Records for this task:
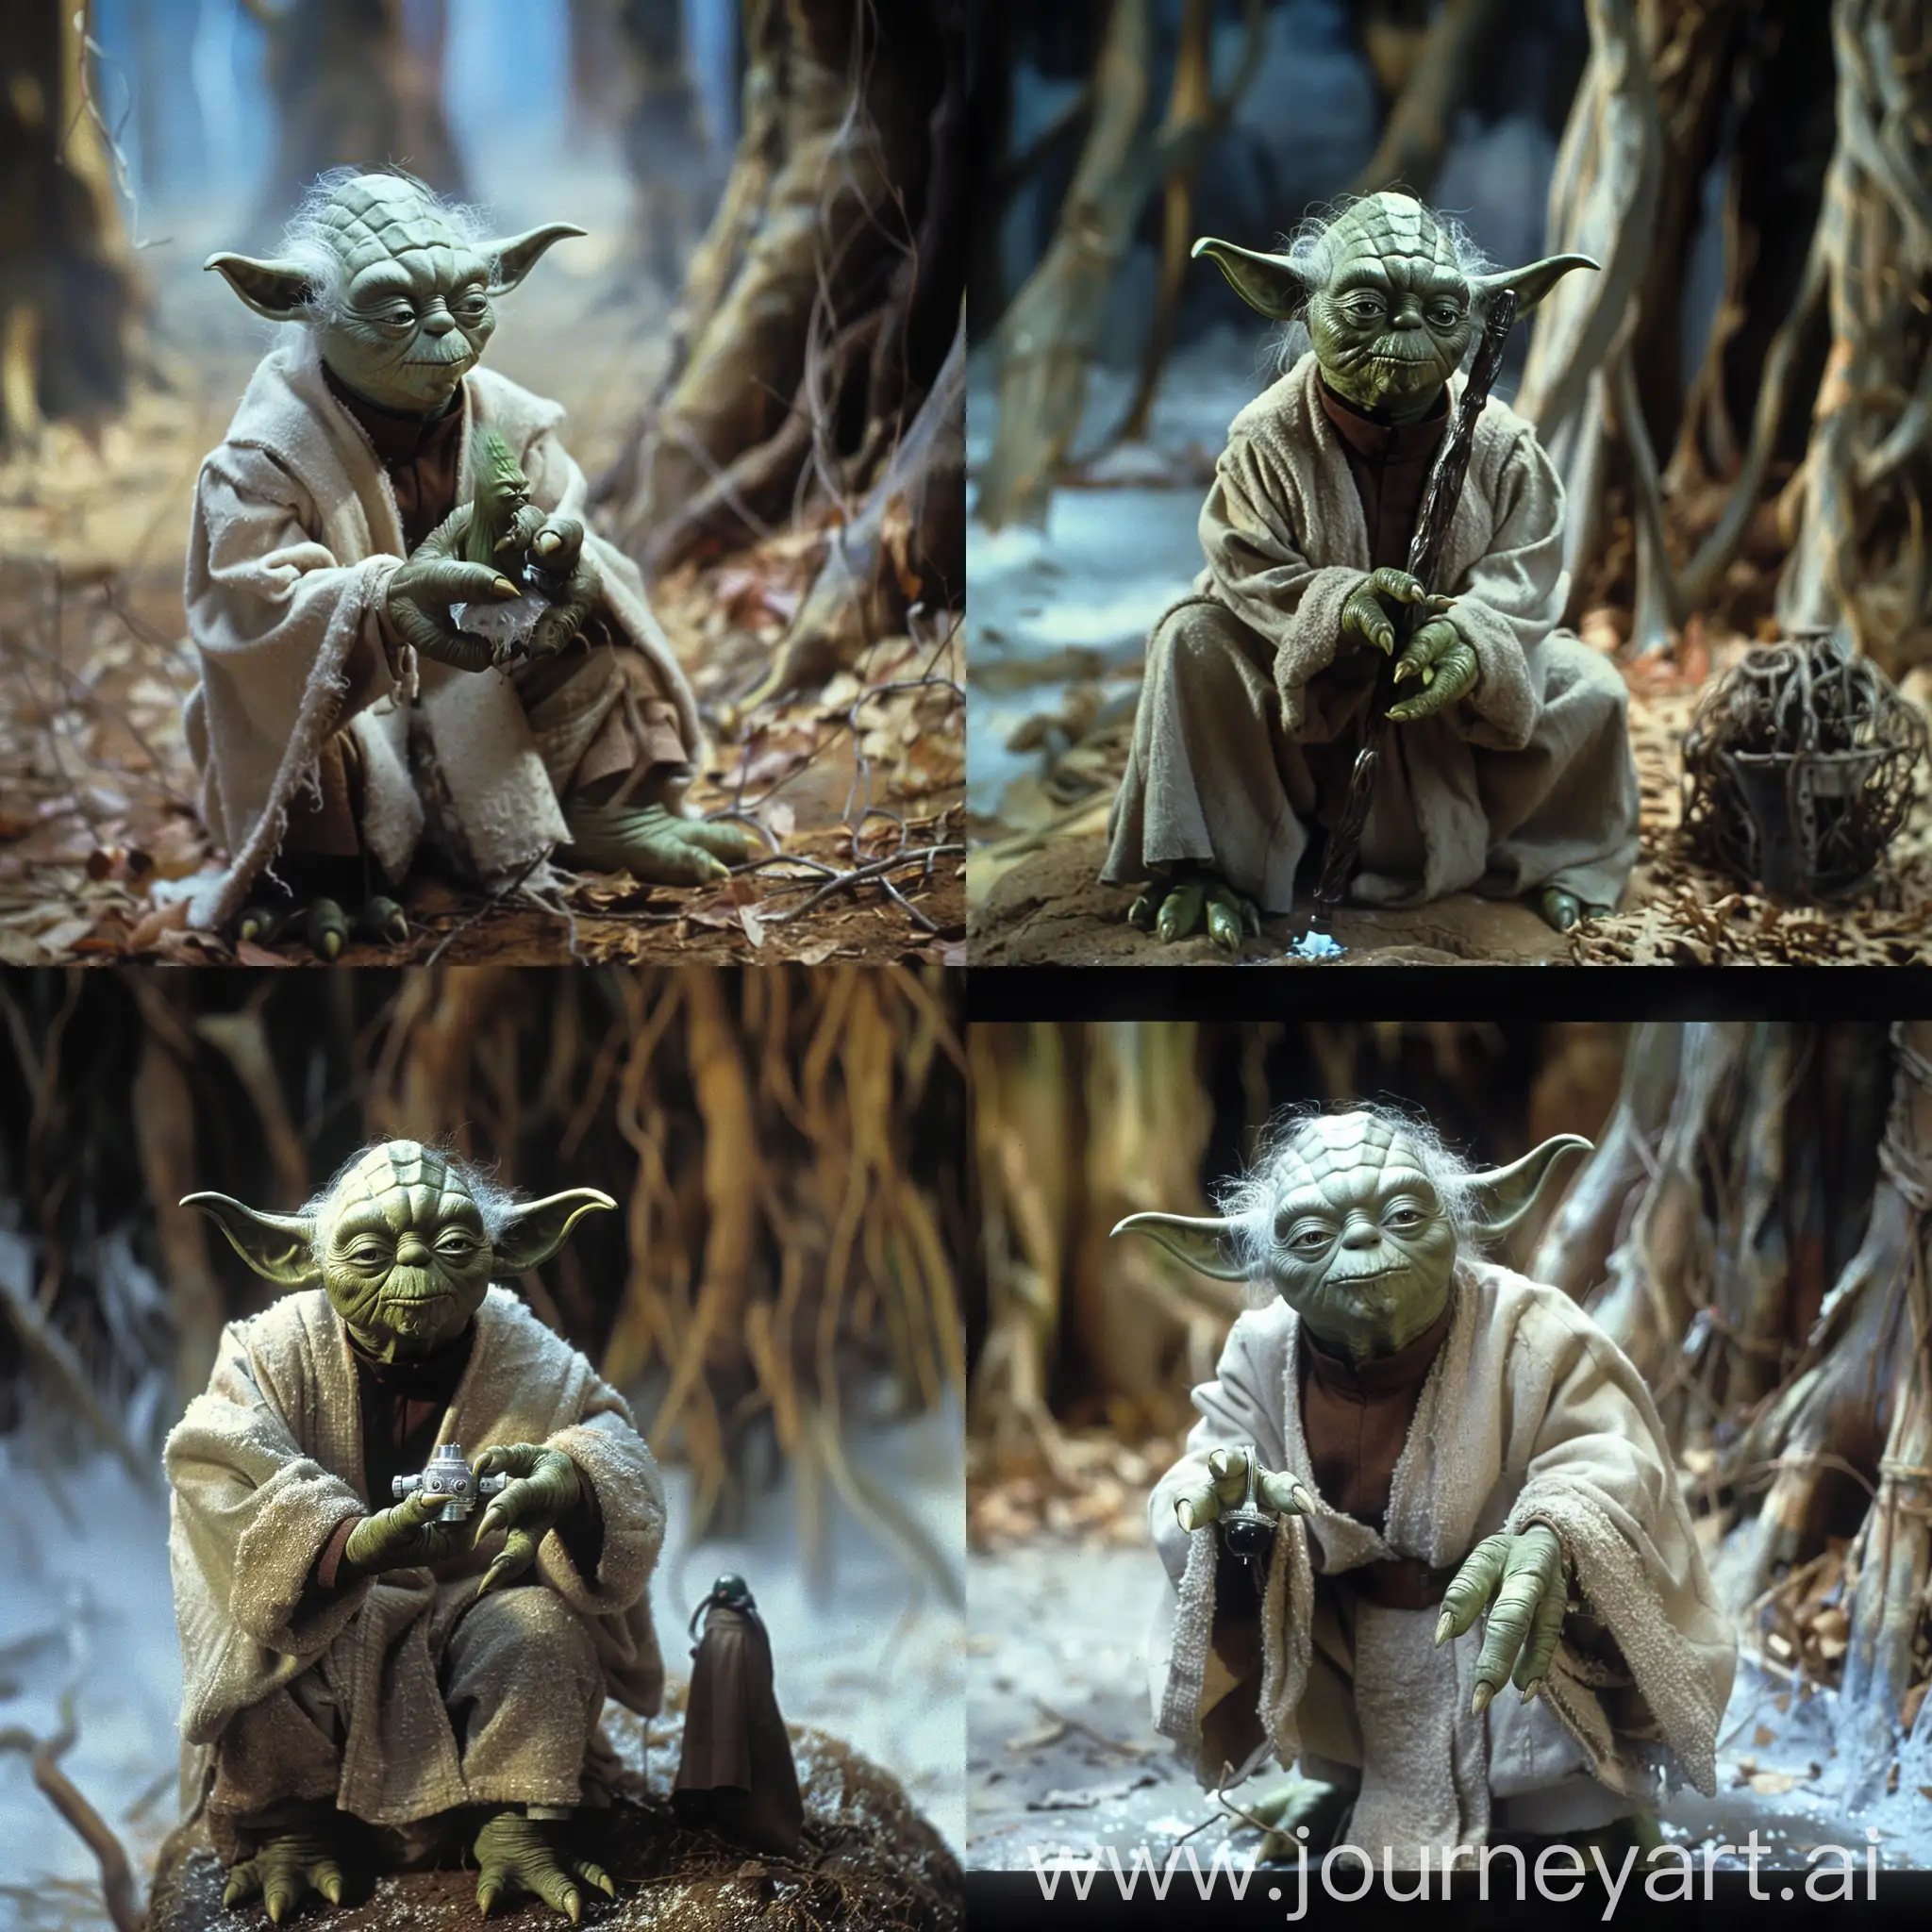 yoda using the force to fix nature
* * *
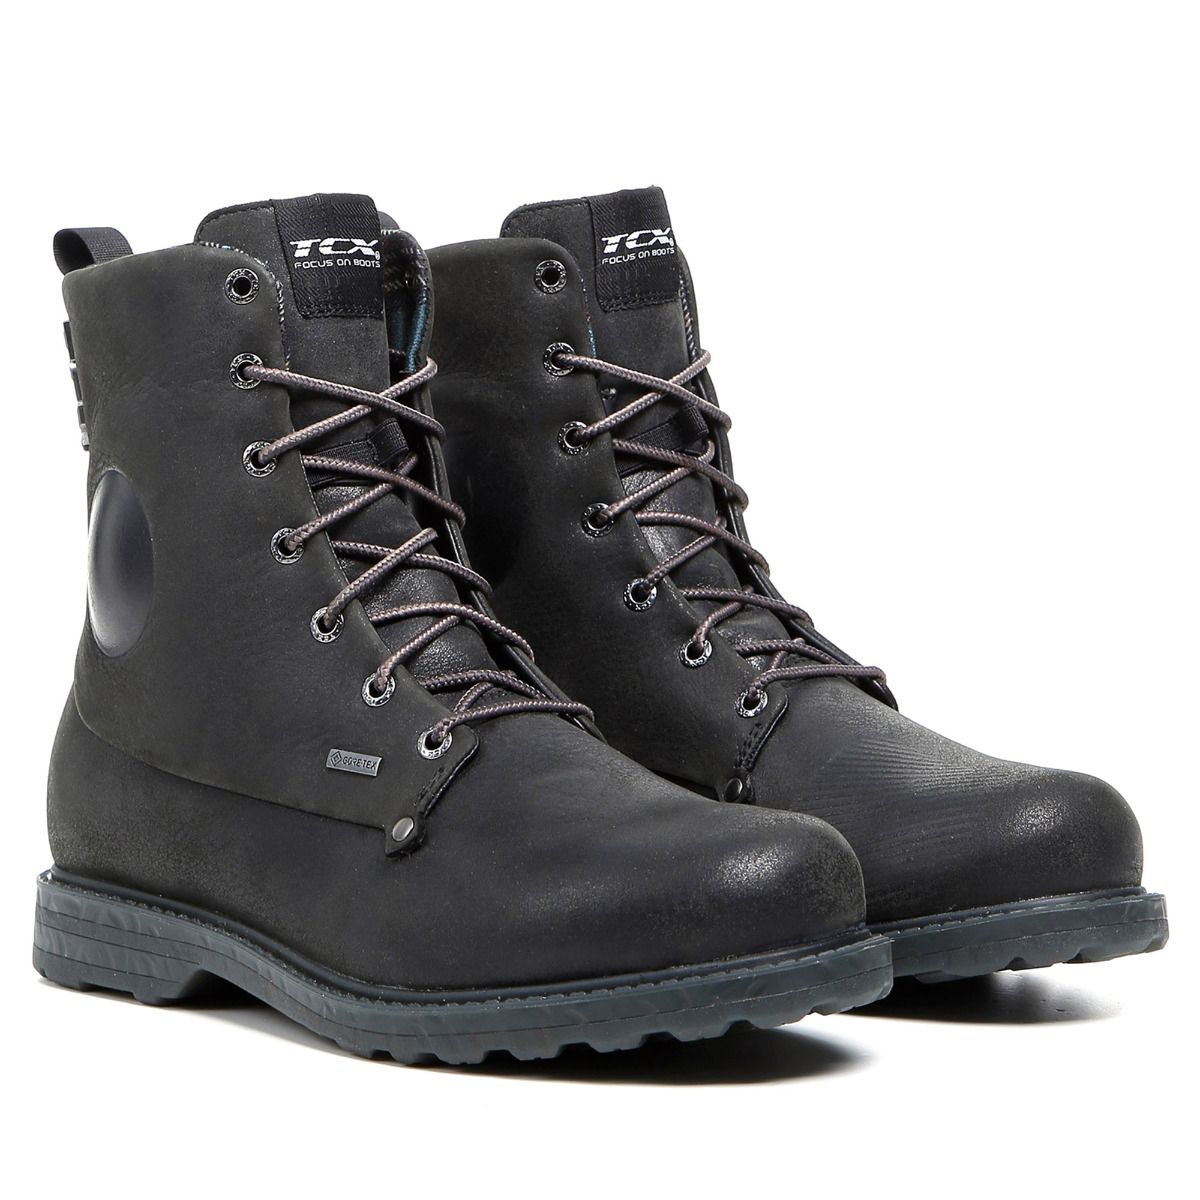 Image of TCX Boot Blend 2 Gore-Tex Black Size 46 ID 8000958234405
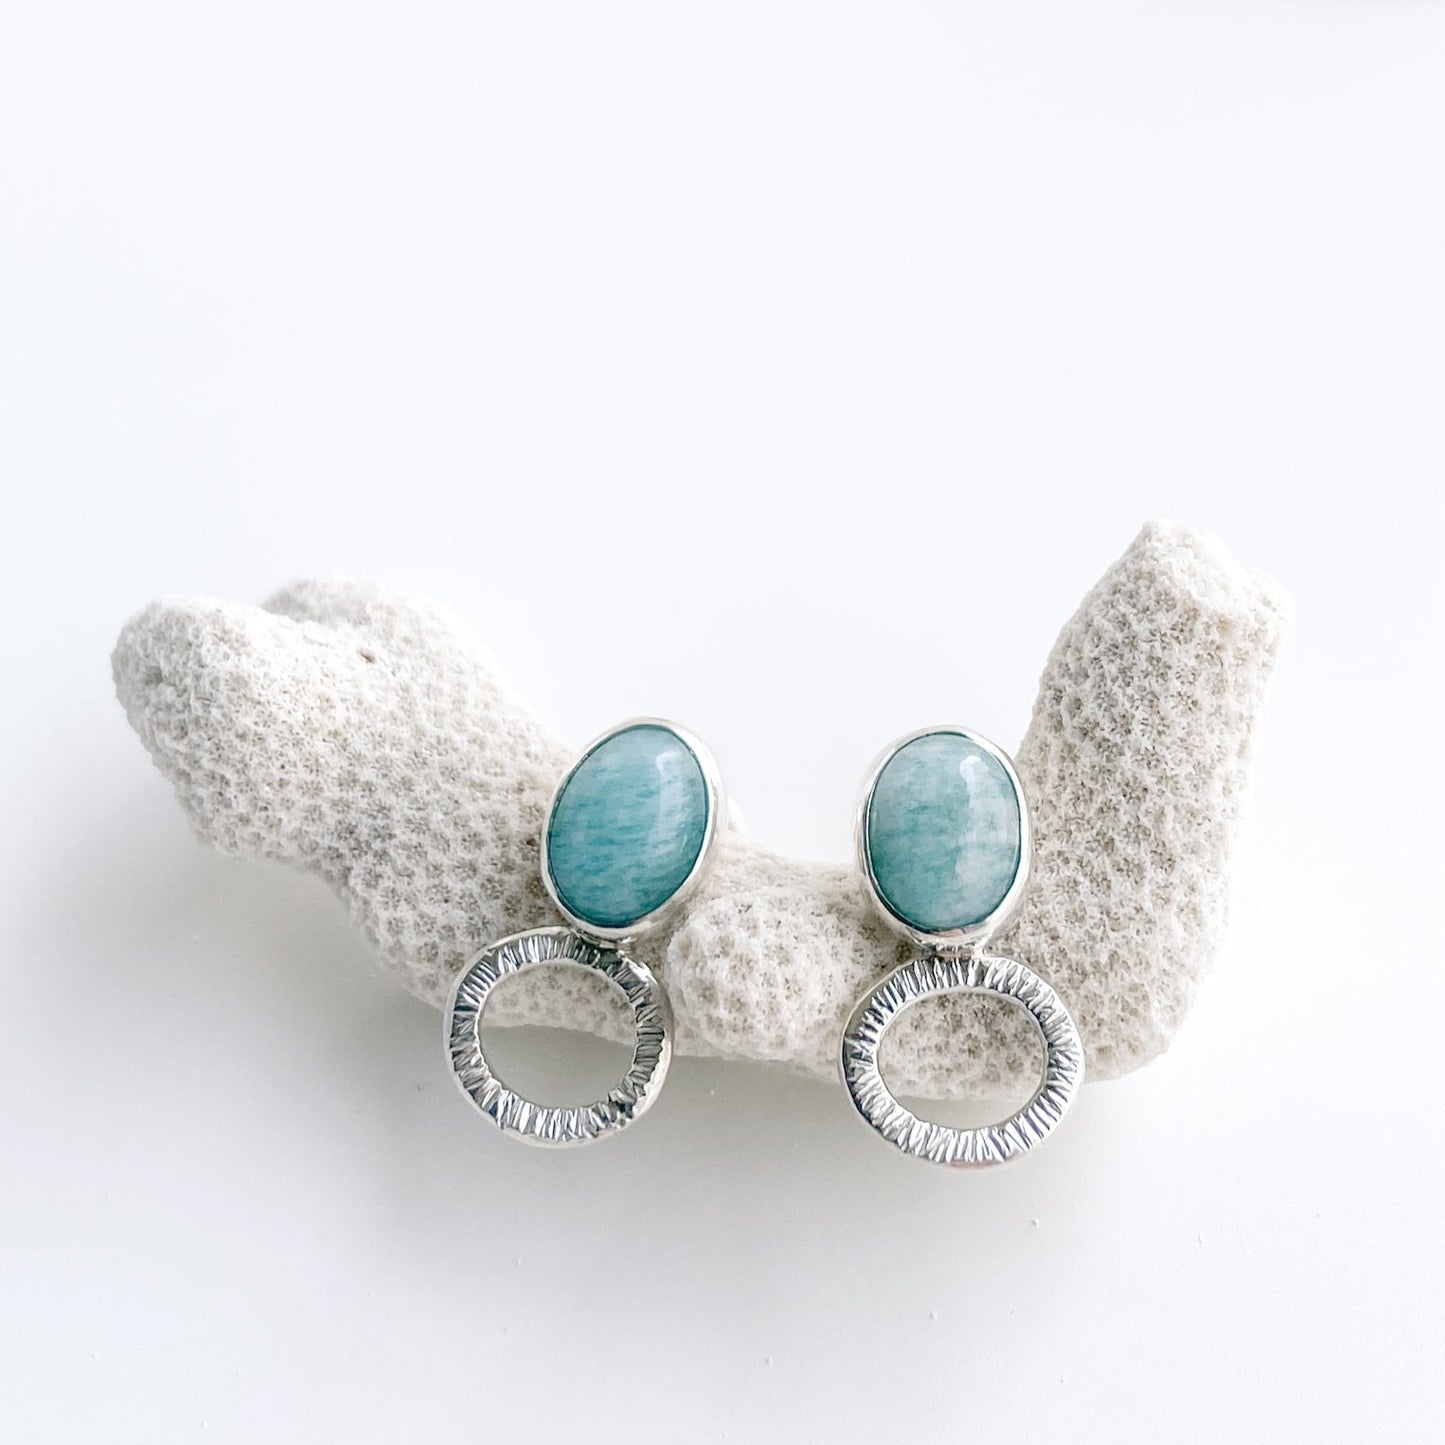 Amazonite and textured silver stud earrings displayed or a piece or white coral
--
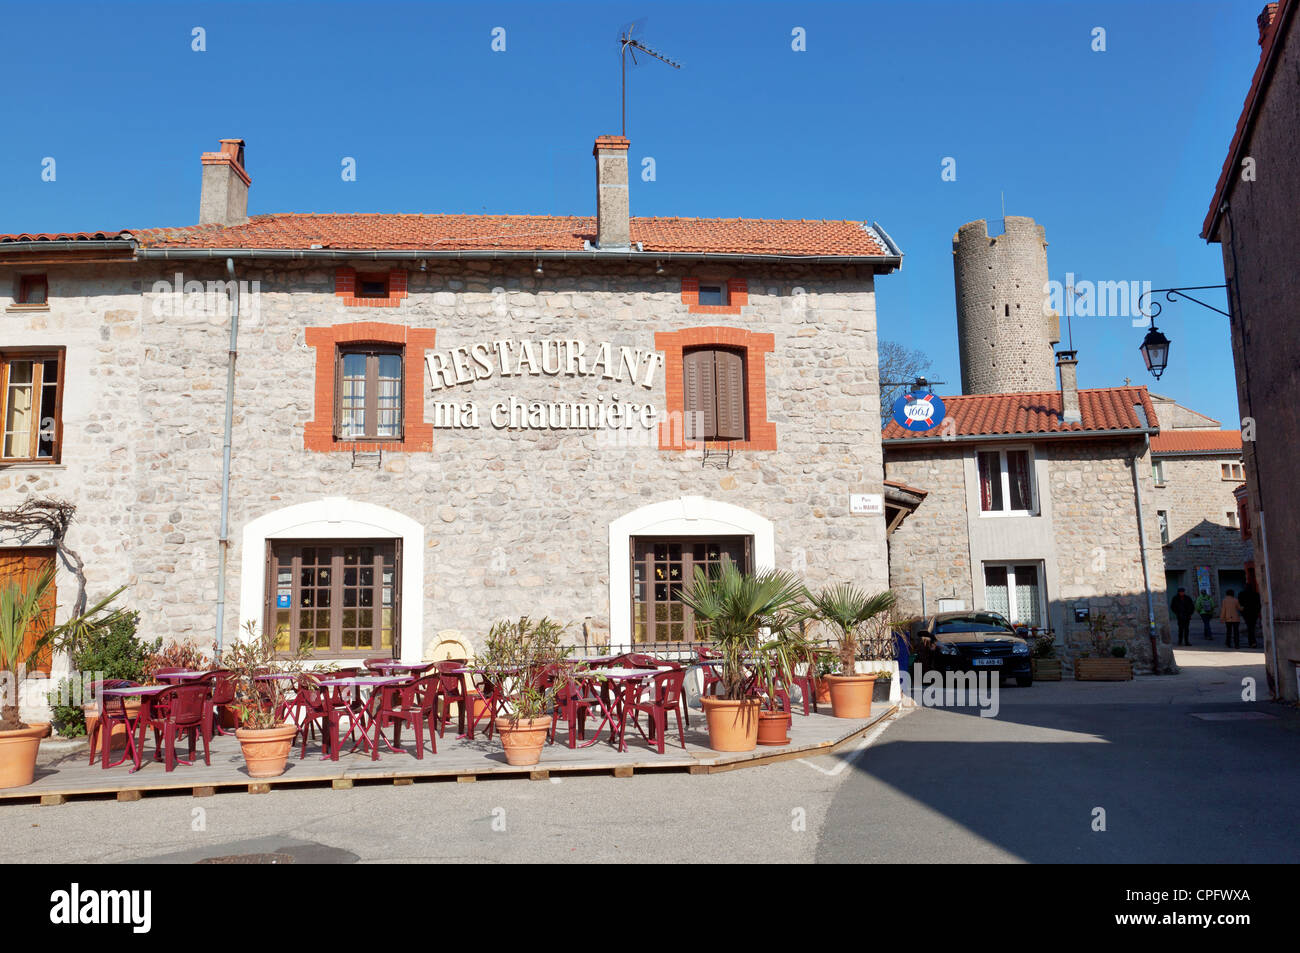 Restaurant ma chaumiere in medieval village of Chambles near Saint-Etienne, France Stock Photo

The problem:
Only one part of the material above is wanted: the lines from the one with "Image of TCX" up to and including the one with "Amazonite and textured". Please copy them exactly, pictures left out.

Task output:
 Image of TCX Boot Blend 2 Gore-Tex Black Size 46 ID 8000958234405
 Amazonite and textured silver stud earrings displayed or a piece or white coral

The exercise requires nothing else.